• [HOW TO COMPLETE THIS TASK]:
Look below for the line holding "Dell Inspiron 3470" and the line holding "Stylo plume en bois d'Amaranthe". Transcribe exactly those lines and all lines between them, nothing more.

• [RECORDS FOR THIS TASK]:
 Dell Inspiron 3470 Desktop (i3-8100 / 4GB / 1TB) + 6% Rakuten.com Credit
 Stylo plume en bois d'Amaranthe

--

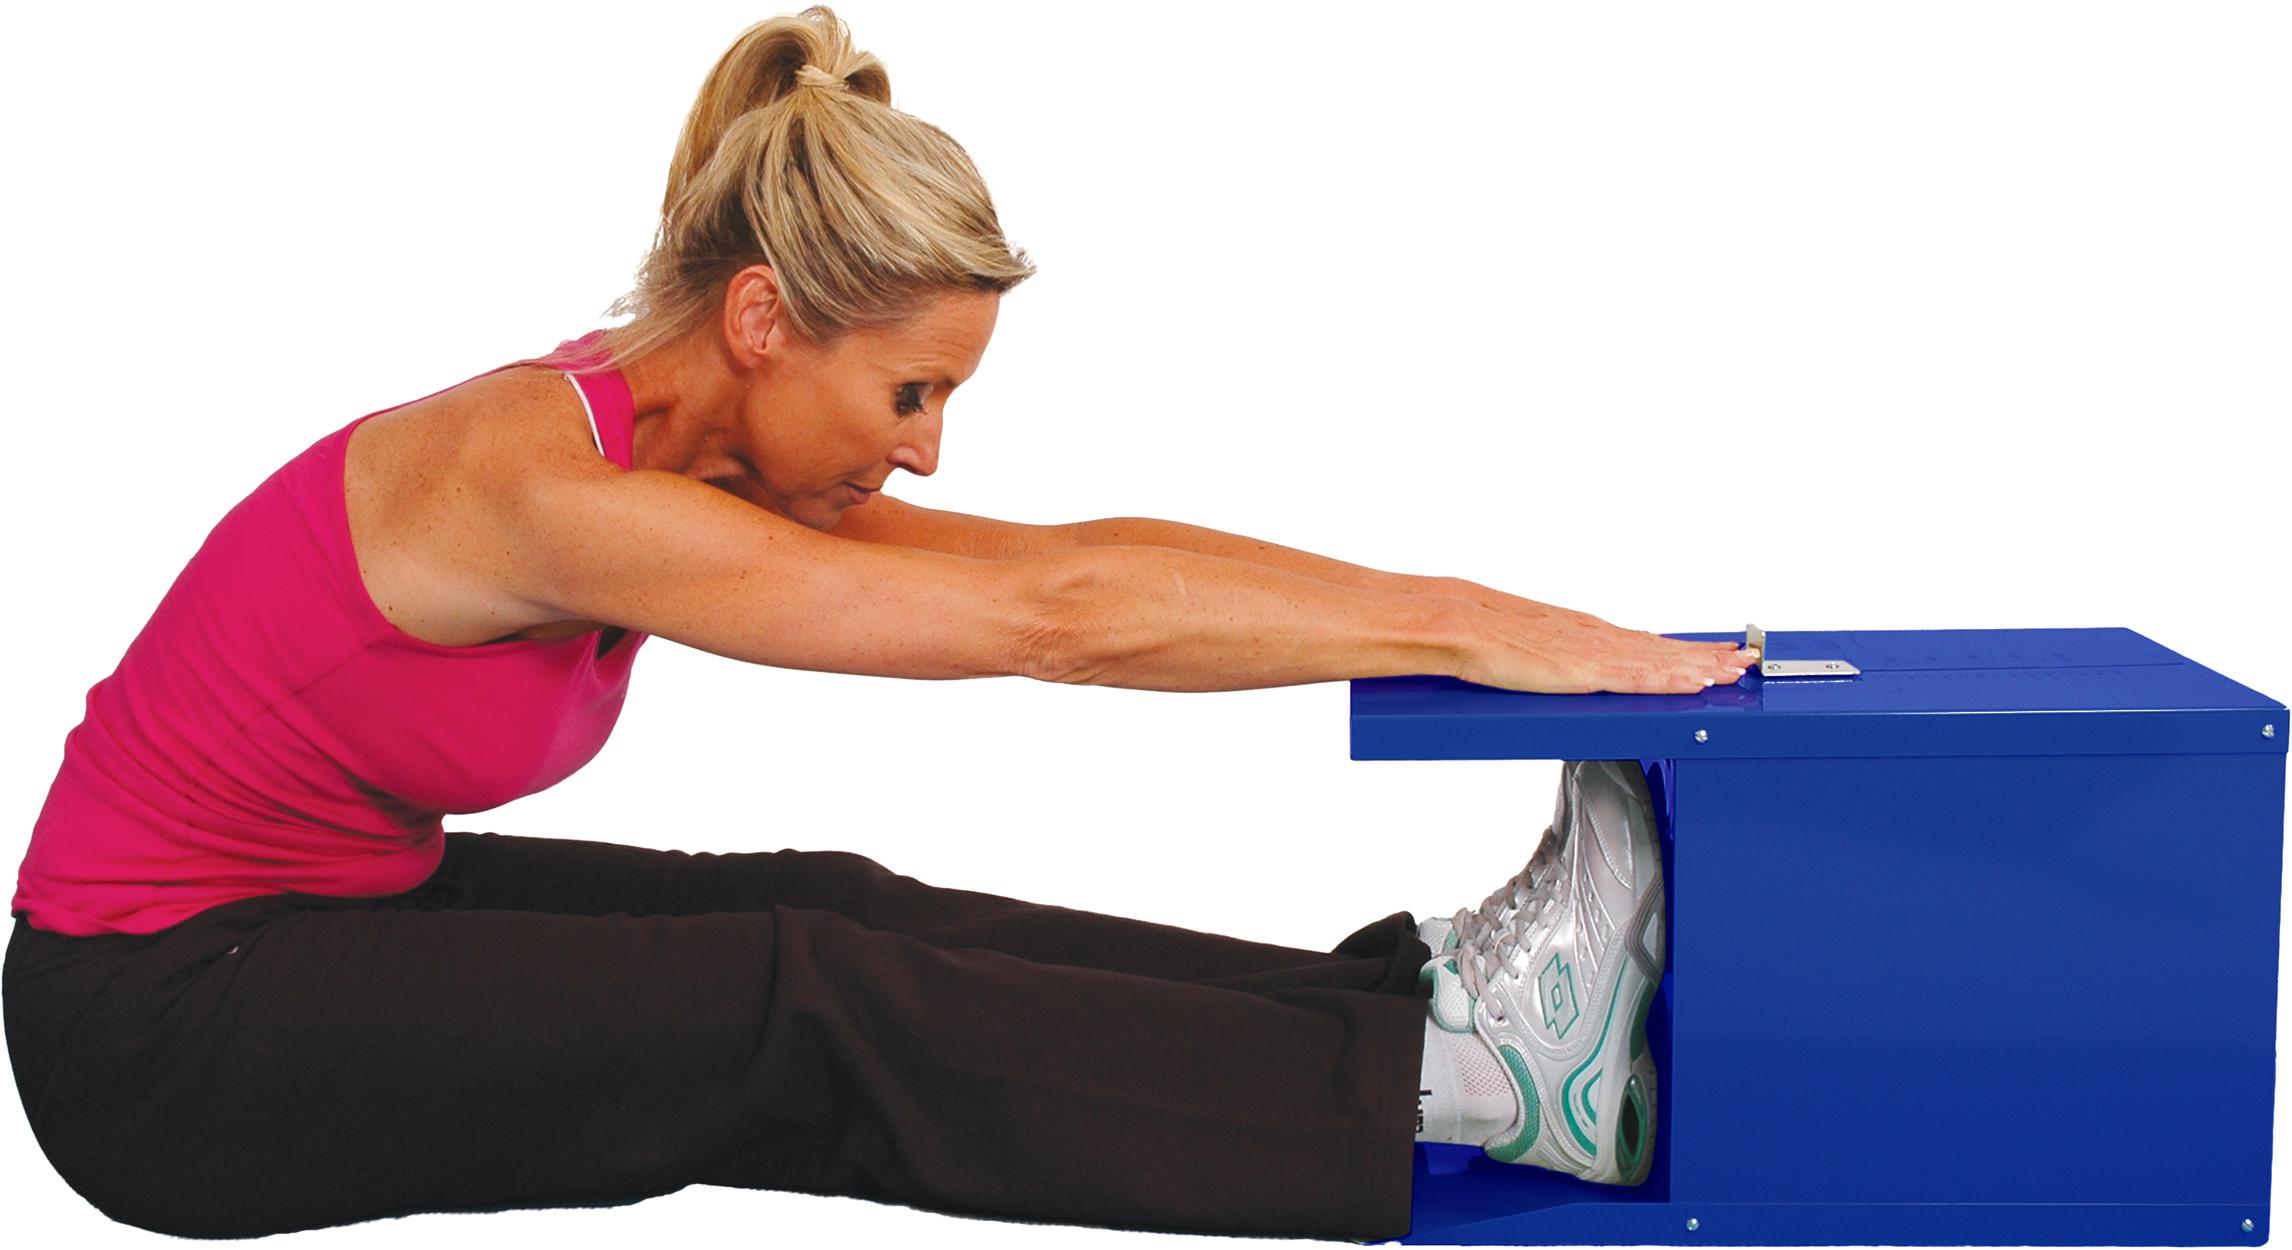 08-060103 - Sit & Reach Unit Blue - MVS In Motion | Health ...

---

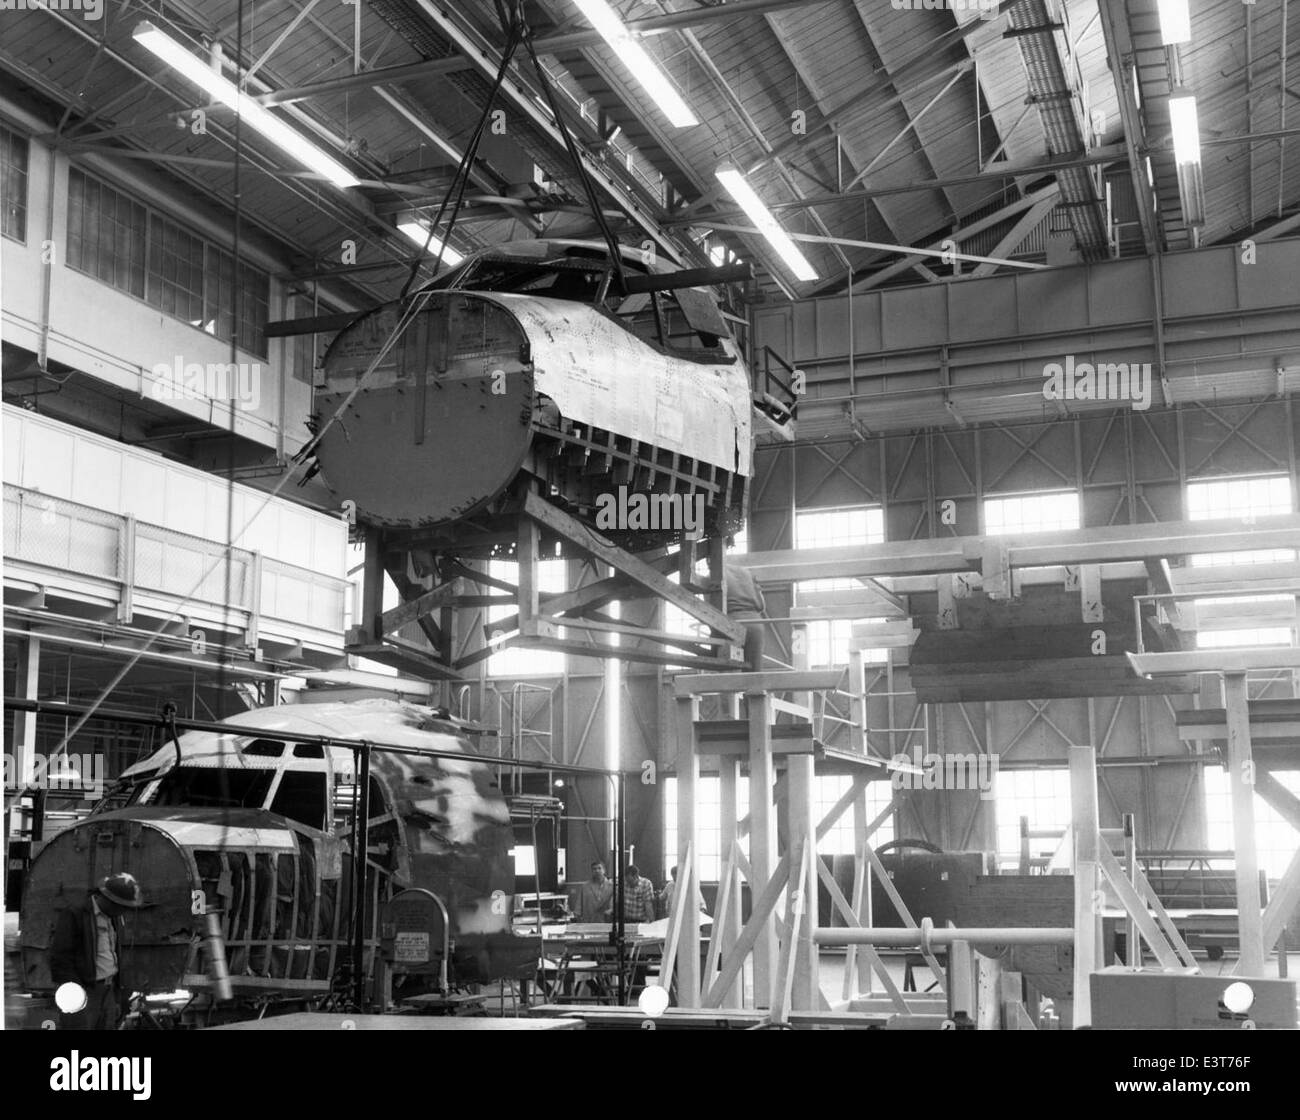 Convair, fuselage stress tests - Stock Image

• [WRITTEN RESPONSE]:
 Dell Inspiron 3470 Desktop (i3-8100 / 4GB / 1TB) + 6% Rakuten.com Credit
 Stylo plume en bois d'Amaranthe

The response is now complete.